Kaitybean started with it first on Thursday. She got into the car after school looking like she'd just been hit by a train. Byt the morning she was miserable -- fever, headache, chills, body aches, cough -- the whole works. The rest of us quickly followed suit and our home was awash with groans and cries. There were pillows and blankets and used tissues everywhere. The kids downed two bottles of children's ibuprofen. I went through about half a bottle of the adult variety by myself over the weekend. Even Jack Jack got into the act, spiking a fever of 100.7 and narrowly avoiding a trip to the emergency room.
You know what makes this story even more fun? Our friend Influenza came through our door just days after his friend Streptococcal Pharyngitis decided to leave.
Blech!!!!!!
So to say my house is a mess would be putting it mildly. I feel this desperate need to wash all of the sheets and scrub the house from floor to ceiling with bleach. Oh yeah, and I'm going to buy us all new toothbrushes tonight. NO MORE OF THIS!
On a somewhat more upbeat note, Mashuga and Kaitybean have also made our house rather warlike. They are like fire and water lately -- two earth-shaping elemental forces that simply cannot coexist. And I'm about ready to tear them both from limb to limb. Really, they can't seem to be within 20 feet of each other without arguing about something. One of their recent arguments:
Mashuga: We're all playing the puppy game. I'm scamp puppy. And Mommy is "mommy dog" and Scud is "brother dog" and you're "sister puppy" and...

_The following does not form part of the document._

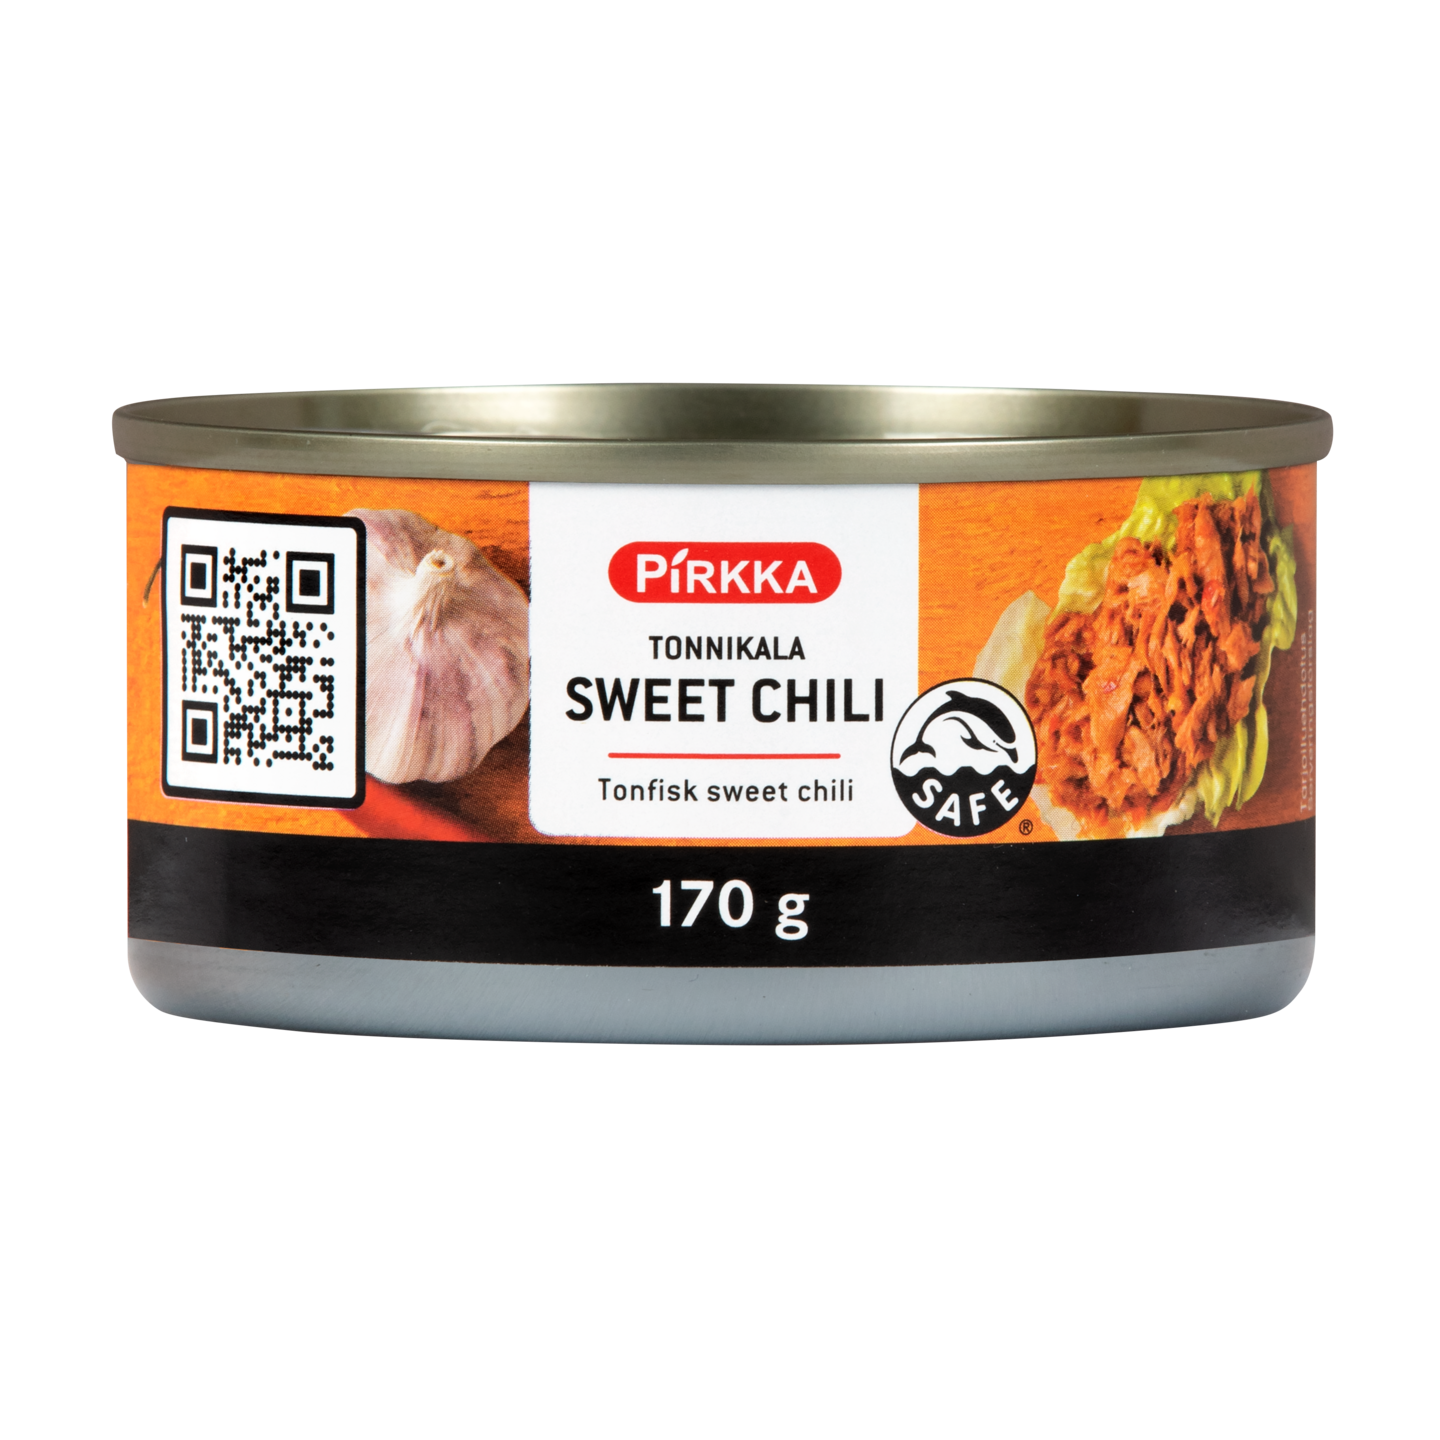 Pirkka tonnikala sweet chili 170g | K-Ruoka Verkkokauppa

Kaitybean: I am not sister puppy!
Mashuga: Yes you are. We're all playing the puppy game.
Kaitybean: No I'm not! I'm not playing the puppy game! I'm not sister puppy! You're so dumb.
But here's the best argument they've EVER had. It started one day when they were arguing in the car on the way to school. (This is after the hour and a half they'd spent bickering since they woke up that morning.) I asked begged, threatened and demanded that one of them PLEASE be the peacemaker and stop responding to the other. They were silent for a moment, then this ensued:
Mashuga: Kaitybean, I'm being a peacemaker.
Kaitybean: No you're not, I'm the peacemaker.
Mashuga: Nuh-uh! I'm the peacemaker.
Kaitybean: NO, I'm the peacemaker.
Mashuga: I'm a better peacemaker than you!!!!
Kaitybean: You ARE NOT. I am the one being a peacemaker here! You don't even know what it means to be a peacemaker!
Mashuga: Yes, I do!
Kaitybean: Do not.
Mashuga: UH-HUH!!!! Mom, tell Kaitybean that I know how to be a peacemaker!
I'm sure you can imagine the convulsions of laughter I was experiencing during this interchange. It made it awfully hard to drive. For a very short while I didn't even mind that they were fighting.
3 comments:
you poor dear! I was laughing at your darlings um- conversation. For heaven's sake call you VT's. If I were yours I would want to help. I'm sorry I'm not closer.
oh my - that peacemaker fight, that's a good one.
my younger sister and i were like this for YEARS. we're good friends now, i wish we hadn't put our mom through so much.
Ahh, so true to life. How do you make up such beautifully real stories?